Traeume aus der Ferne
Blick zurück.
Steffi hatte ihren Finger kaum von der Türglocke genommen, da erschien die alte Frau auch schon in der Tür.
Entgegen sämtlicher Vorhersagen, dass alle Dänen sehr gut Deutsch oder Englisch sprachen, konnte diese Frau keines von beidem besonders gut. Mit einer Mischung aus Deutsch, Dänisch und Englisch, gepaart mit Mimik und Gestik, stellte sich schließlich heraus, dass das Unternehmen, welches die Ferienhäuser vermietete, einen Fehler gemacht hatte und beide auf das gleiche Haus gebucht waren.
Es dauerte weitere fünf Minuten, um der Frau klarzumachen, dass sie doch nun einfach einer von ihnen eine neue Hütte geben sollte.
Die Dame schüttelte nur den Kopf. »Sommer full«, sagte sie.
Steffi verdrehte die Augen und wandte sich ab.

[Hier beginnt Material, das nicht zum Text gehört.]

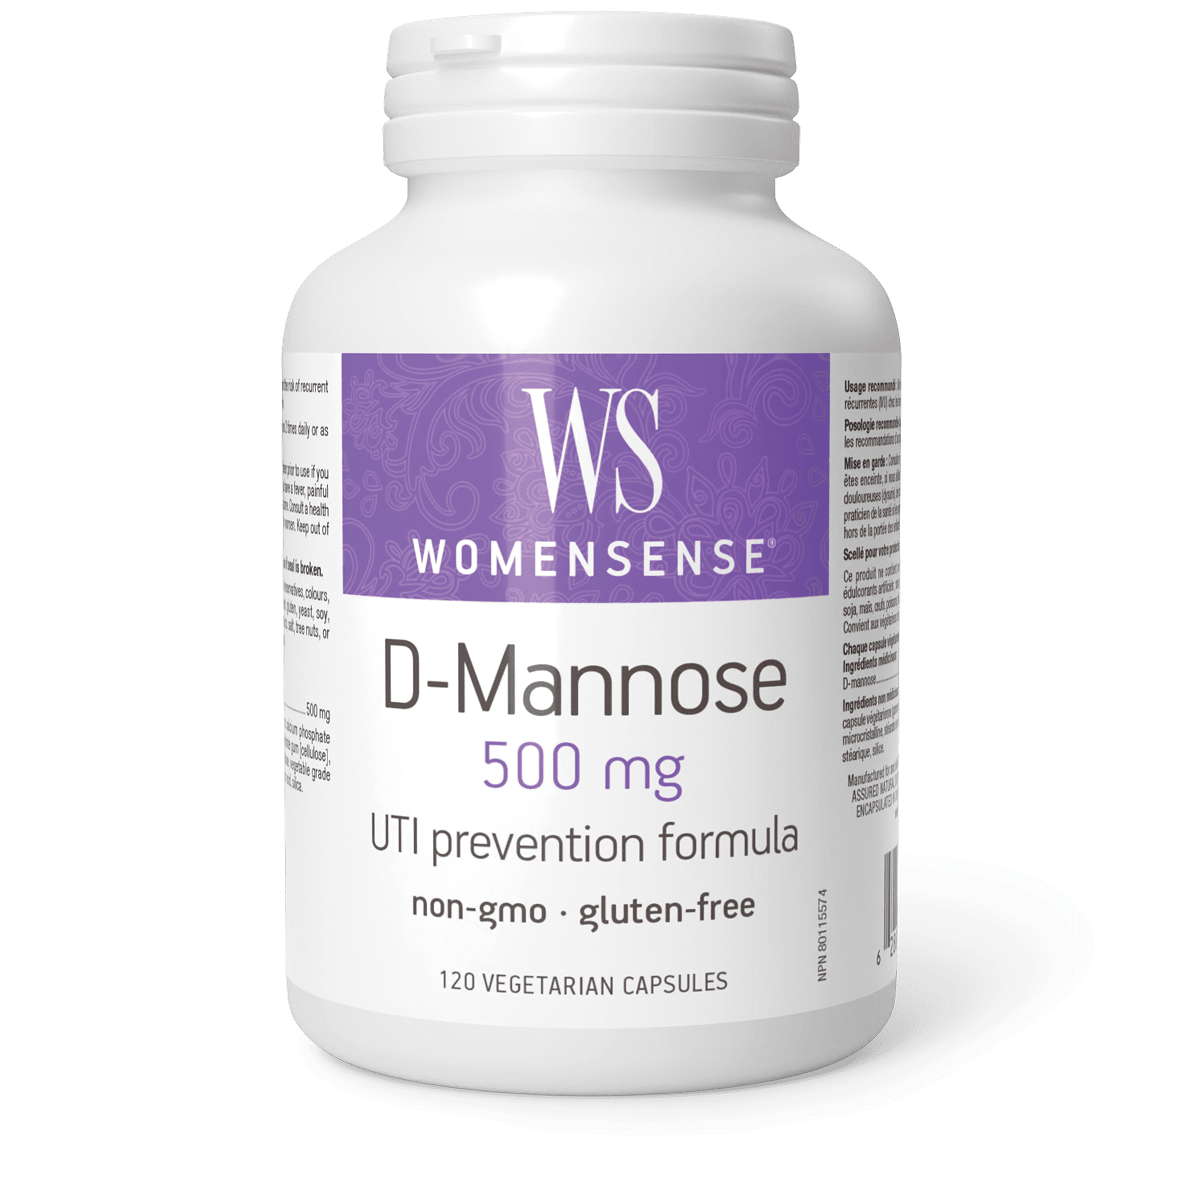 WomenSense D-Mannose 500 Mg 120 Veggie Caps Supplements - Bladder & Kidney Health at Village Vitamin Store
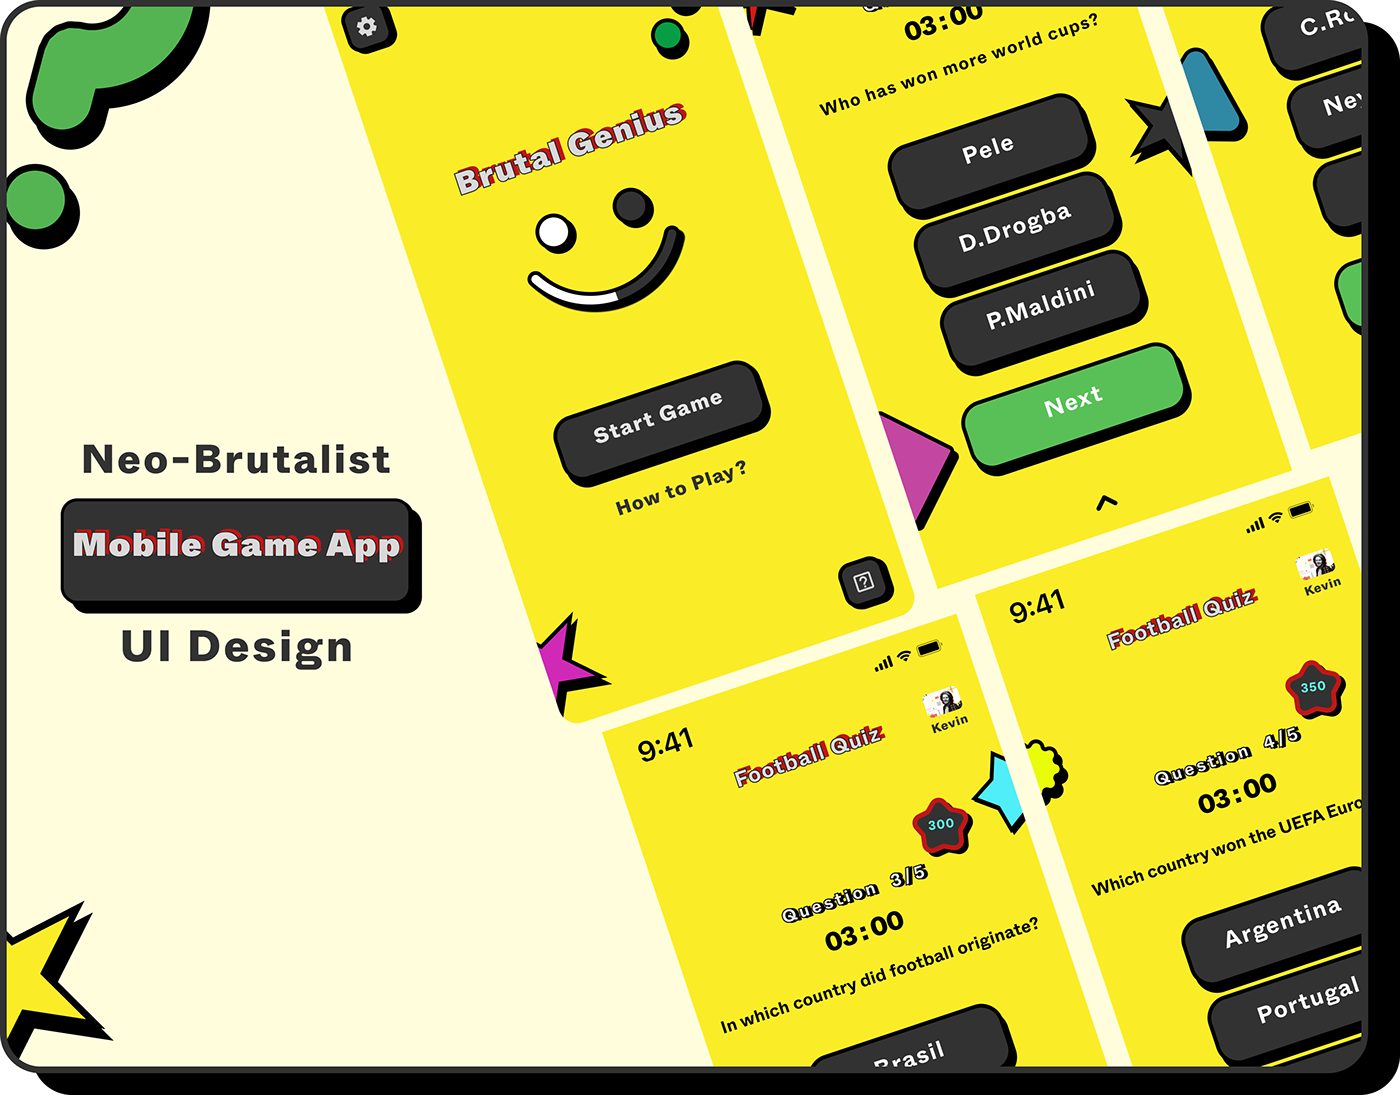 Game App Design Quiz Game neobrutalism Brutalist app ui design Mobile app UX UI DESign

»Hey, das ist doch kein Drama. Wir werden uns doch deshalb nicht die Laune verderben lassen«, versuchte Katja sie aufzumuntern. »Ich wollte zwar zwei Wochen allein sein, aber eigentlich ist das Haus doch groß genug für uns beide. Und wir müssen jede nur die Hälfte zahlen. Was halten Sie davon? Wollen wir eine WG für zwei Wochen bilden?«
Katjas Versuch, Steffi zu trösten, war wirklich süß. Doch Steffi wollte einfach allein sein. Nackt durchs Haus laufen, wenn ihr danach war, abends die Füße auf den Tisch legen und lesen oder sich oben ohne in der Sonne braten lassen. Steffi war den Tränen nahe. Sie wusste, dass die alte Frau recht hatte. Es war Sommer. Hochsaison. Sie würde wohl kaum so schnell etwas Anständiges finden. Also blieb ihr nur die Wahl zwischen einem Campingplatz oder einer WG. Sie hasste Camping über alles.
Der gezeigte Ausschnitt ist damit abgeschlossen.